Select either of them as the inner product, for example.
It can be seen that the kernel function corresponding to the feature ing is the following conclusion:
Theorem 1: There is a finite input space, which is a symmetric function on the kernel function. The necessary and sufficient condition for the kernel function is the matrix semi-definite. In this case, the input space is directed to the feature space.Implicit. For the above ing, so, and then.

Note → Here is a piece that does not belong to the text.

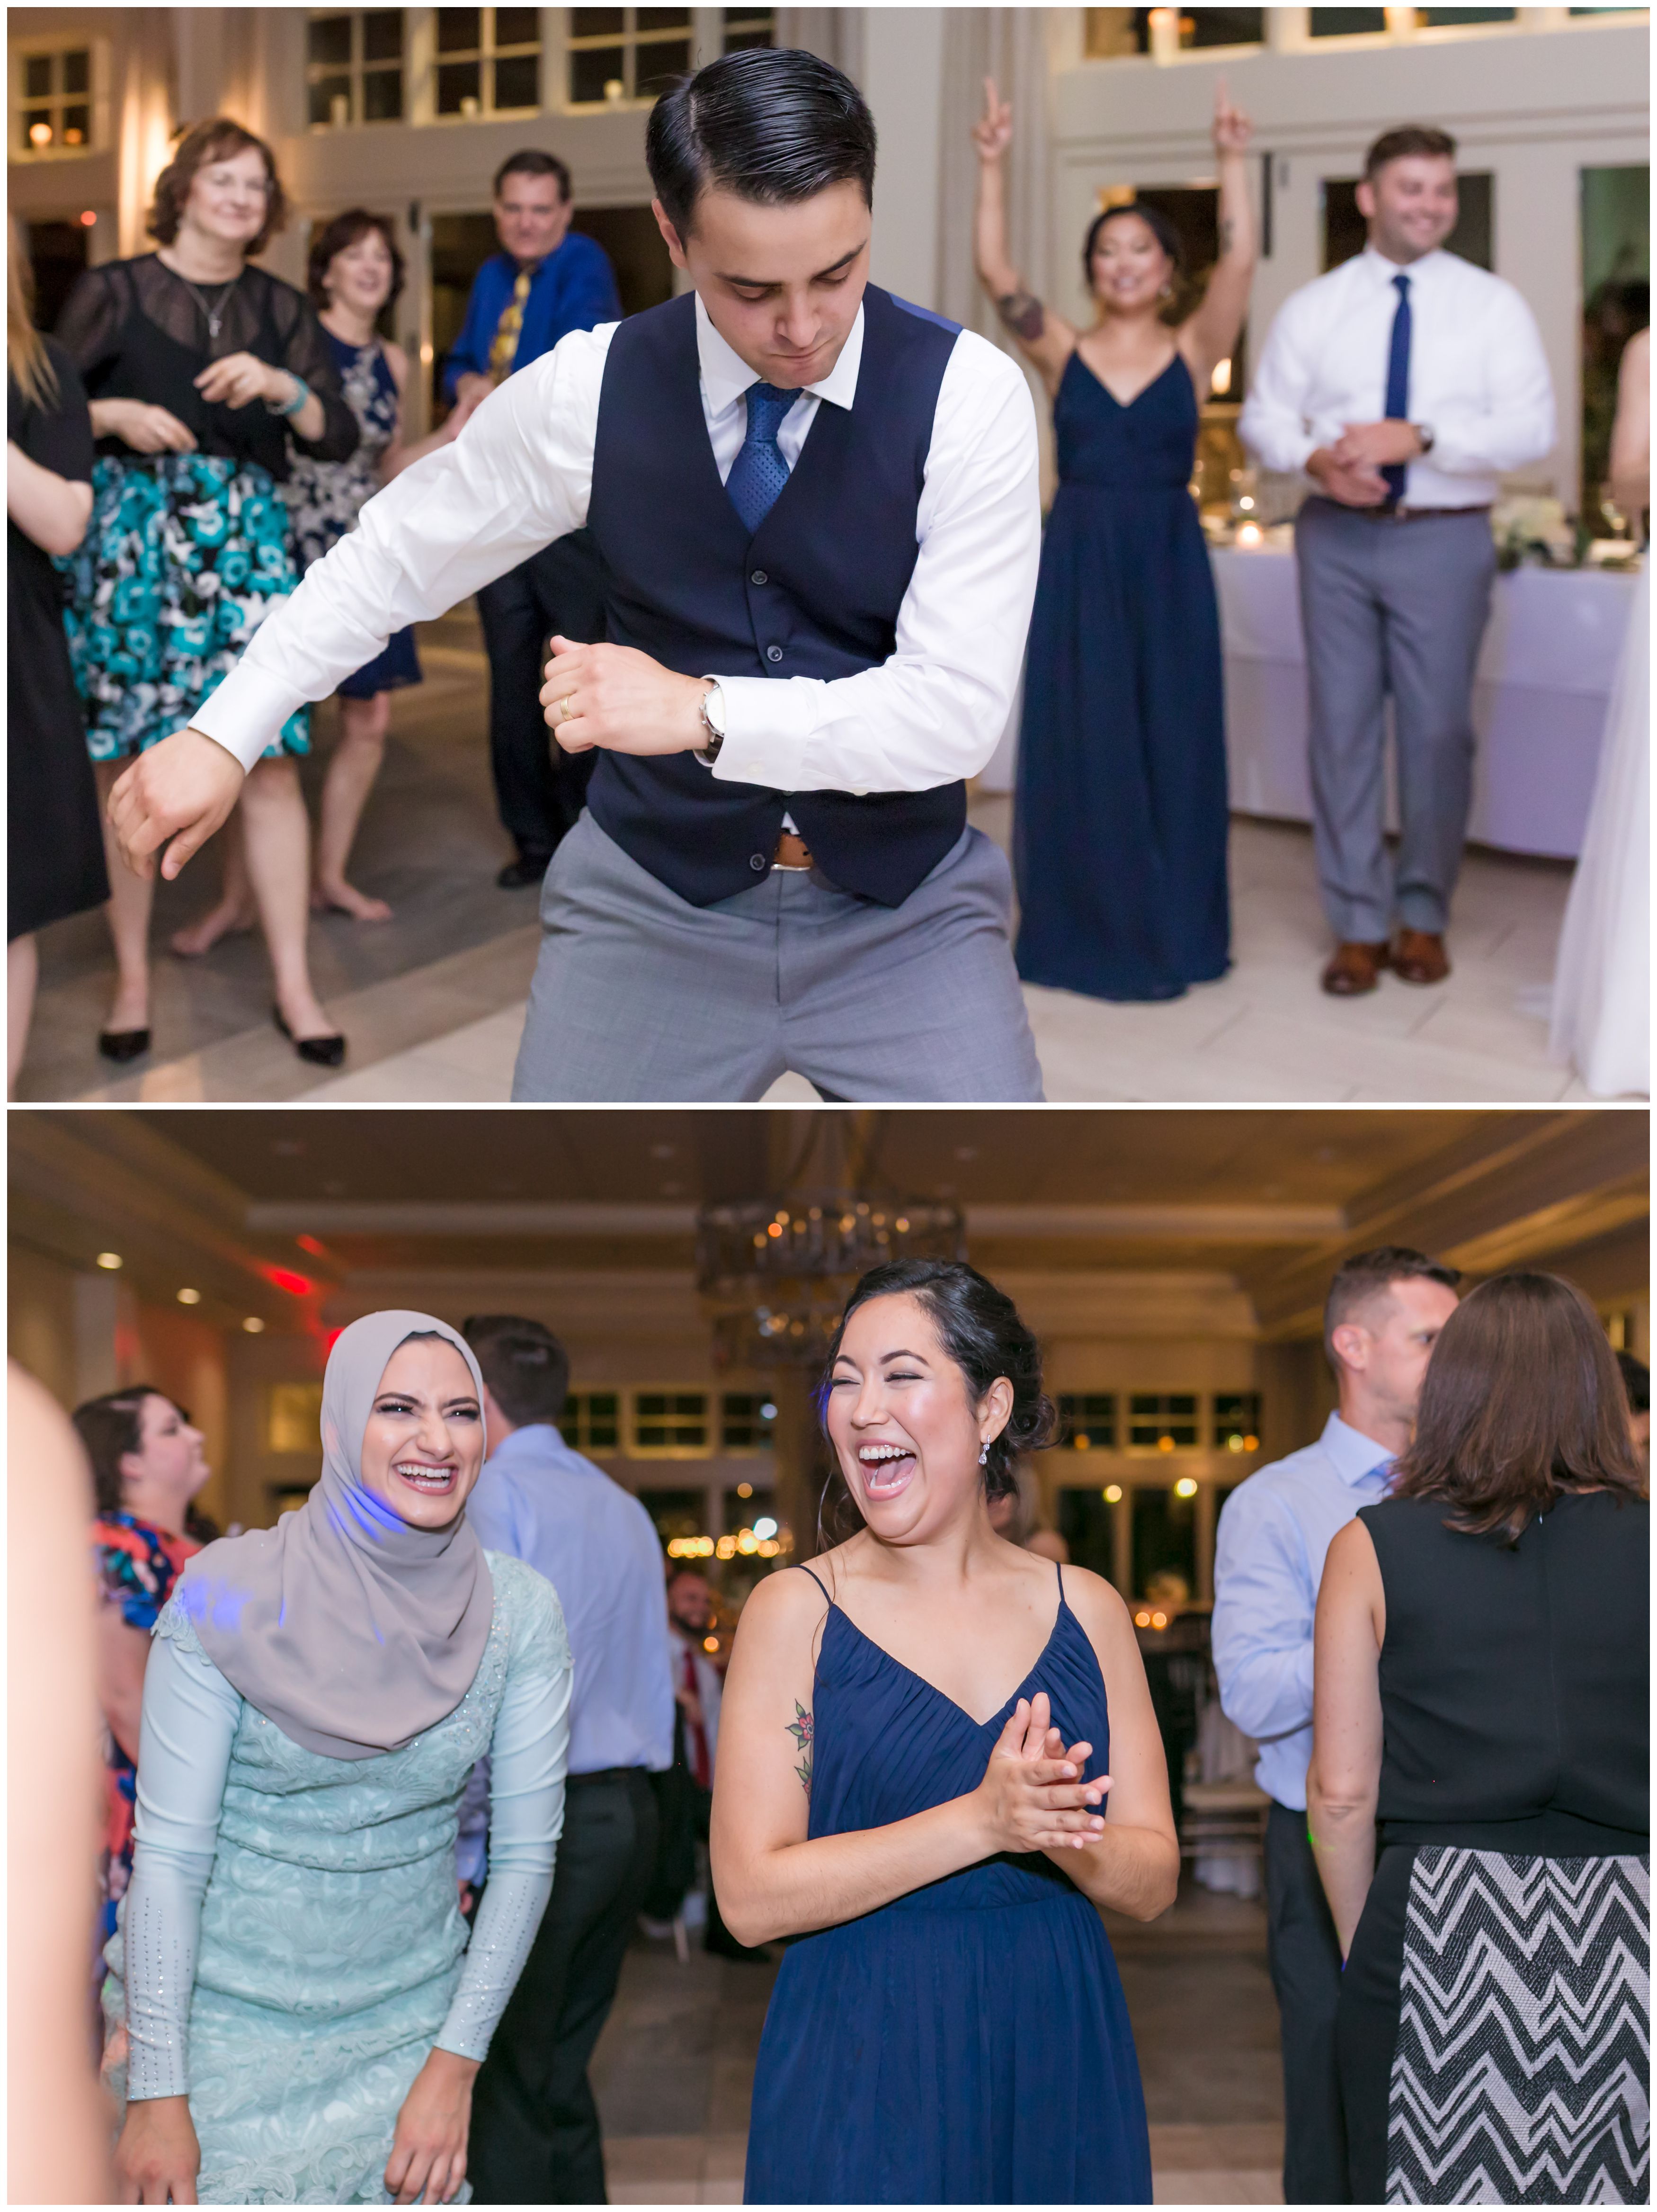 Dancing photos at the Indian Trail Club

Theorem 3: A tight subset (closed and bounded subset) is a symmetric function on which the integral operator in the Hilbert Space satisfies:
This refers to the space composed of all functions that meet the conditions.
It is expanded to a series with consistent convergence. The sequence consists of feature functions, which are normalized and all feature values can be decomposed:
There is a very important concept in the core method (marking first ):
Definition 2: It is a Hilbert function space. Its elements are real-value or complex-value functions in an abstract set. If any function is a medium element and any and inner product is:
Is calledRegenerative kernel Hilbert Space(Reproducing kernel Hilbert space, rkhs );Regeneration Core(Rk ).

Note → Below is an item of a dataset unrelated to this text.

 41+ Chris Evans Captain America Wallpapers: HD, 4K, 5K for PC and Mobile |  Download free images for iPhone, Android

Theorem 4: For each core defined on the domain, there is a regeneration Hilbert space defined on the function, where it is the regeneration kernel. In turn, for any Hilbert space of Linear Bounded Functions, the existence of the regenerative kernel is also true.
Of course, you can also use the kernel function to construct the kernel function. Sometimes this structure can effectively solve the problem:
Condition: it is set to an upper core, a real-value function on, an upper core, and a symmetric semi-definite matrix. The following functions are all cores:
1 ,;
2 ,;
3 ,;
4 ,;
5 ,;
6 ,.
The selection of cores is crucial for SVM. After selecting a kernel, the original problem becomes:
Is there an optimal solution for this optimization problem? Remember that the kernel must meet the Mercer condition, that is, the matrix is in the upper half of all training sets. This indicates that this optimization is convex optimization, so this condition ensures that the maximum interval optimization problem has a unique solution, it's just a combination of heaven and earth. The final sum is the perfect combination of heaven and earth. Then the maximum interval hyperplane obtained after implicit ing from the input space to the feature space will come out :, and there is a geometric interval {(\ sum \ limits _ {I \ In support \ quad vector} \ Alph ^ * _ I)} ^ {1/2} "src =" http://chart.apis.google.com/chart? CHT = TX & chlorophyll = % 5 cgamma % 3d % 5 cfrac % 7B1% 7D % 7b % 7C % 7cw % 5E * % 7C % 7C % 7D % 3d % 0d % 0a % 7B (% 5 csum % 5climits _ % 7bi + % 5cin + support + % 5 cquad + vector % 7D % 5 calph % 5E * _ I) % 7D % 5E % 7B1% 2f2% 7D ">.
Common core functions are summarized as follows:
Linear kernel functions:
Polynomial kernel functions:
Gaussian Kernel function:
Core functions:
The following link collects several core functions:
Http://www.shamoxia.com/html/y2010/2292.html
The theory of the core method involves functional analysis, calculus, and so on. I recommend a book :《Kernel Methods for Pattern AnalysisBy John shawe-Taylor and Nello cristianini.